Oct. 10 (Bloomberg) -- Hog prices fell the most in more than two weeks on signs of increasing U.S. pork supplies. Cattle futures dropped.
U.S. meatpackers processed 2.34 million hogs in the week through Oct. 8, up 4 percent from the prior week, government data show. Carcasses averaged 205.47 pounds (93.2 kilograms) on Sept. 30, a 16-week high, according to the Department of Agriculture. Weights may rise further because fresh corn will be available for livestock feed as the U.S. harvest progresses, said Jason Golly, a vice president of risk-management marketing at Lynch Livestock Inc.
“We can’t keep going through these big Saturday kills like this,” Golly said in a telephone interview from Waucoma, Iowa. “There’s concern seasonally that we’re topping this market out. These hogs are going to get new corn, which really puts on weight.”
Hog futures for December settlement dropped 1.8 percent to settle at 87.75 cents a pound at 1 p.m. on the Chicago Mercantile Exchange, the biggest loss for the most-active contract since Sept. 22. The commodity has gained 10 percent this year.

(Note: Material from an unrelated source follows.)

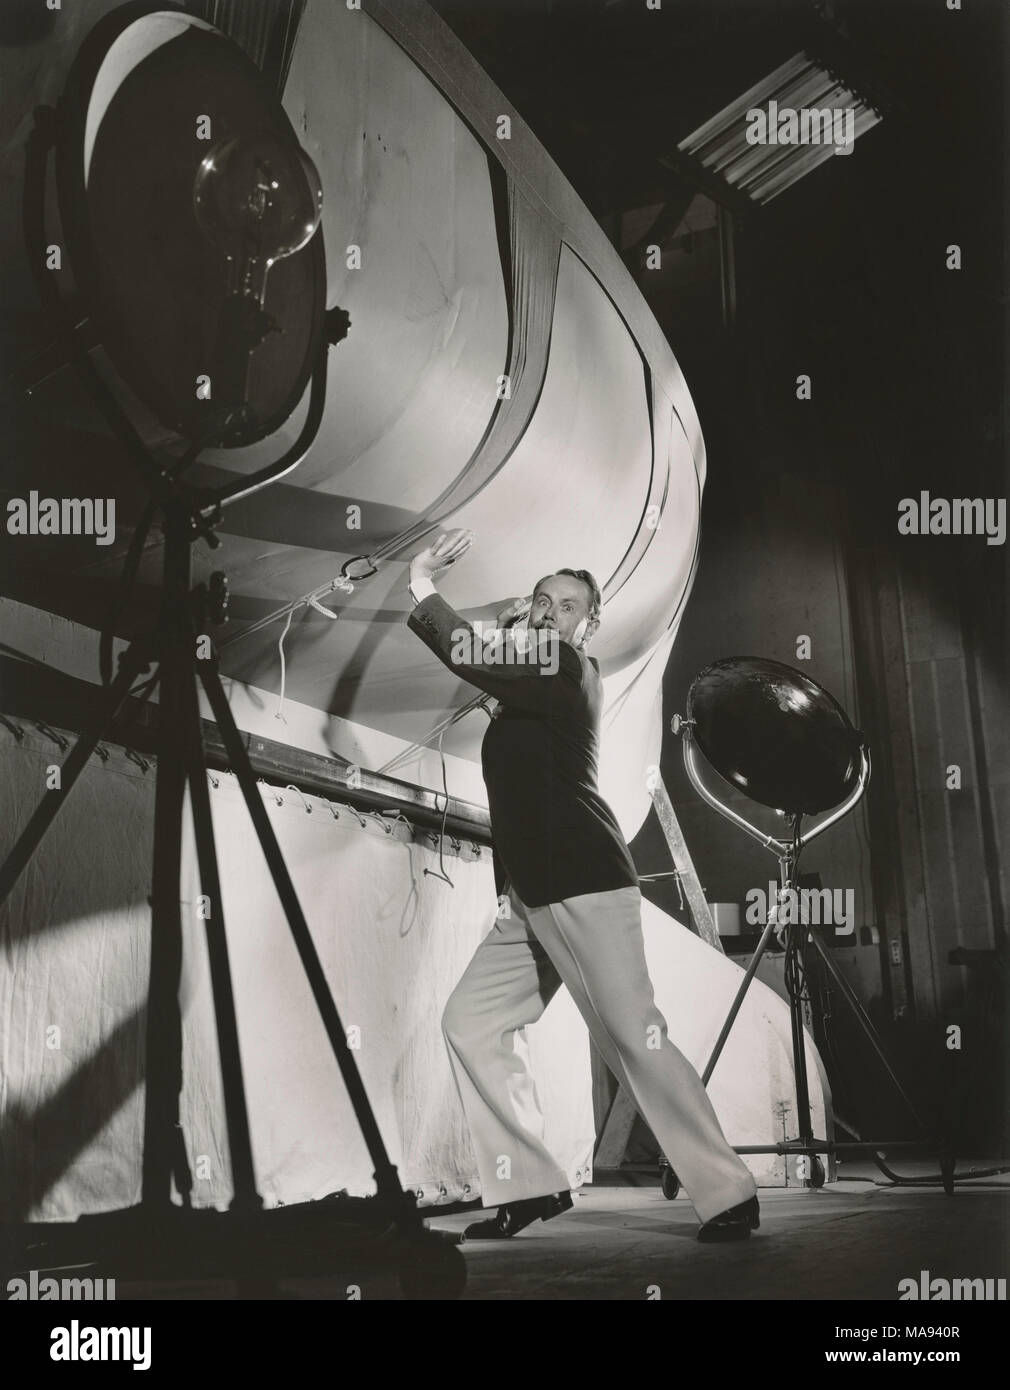 Charles Ruggles, Full-Length Publicity Portrait, On-set Attempting to Support a Stage Prop, Bert Longworth for Paramount Pictures, 1934 Stock Photo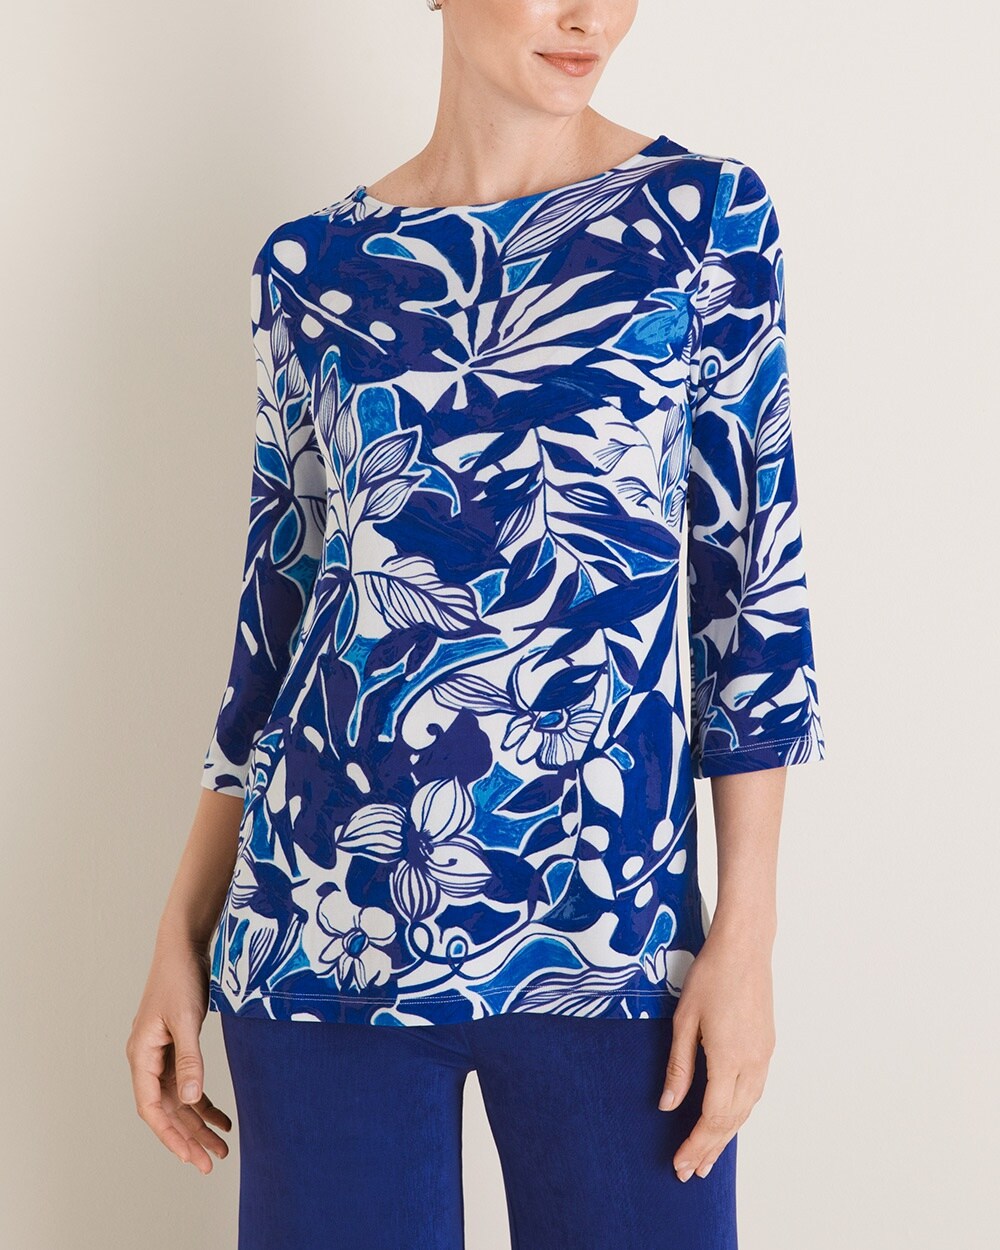 Travelers Classic Printed Bell-Sleeve Tunic

Spot-market hog prices fell 0.5 percent to 92.85 cents a pound on Oct. 7, the first drop in seven sessions, USDA data show. Prices are down 11 percent from $1.0408 reached on Aug. 4, which was the highest since at least April 2003. Wholesale-pork prices lost 0.4 percent to 97.65 cents a pound last week, the first decline in a month, the USDA said.
Cattle futures for December delivery declined 1.2 percent to settle at $1.2035 a pound in Chicago after reaching $1.2025, the lowest since Sept. 30. The price has climbed 11 percent this year.
Feeder-cattle futures for November settlement rose 0.5 percent to $1.43125 a pound.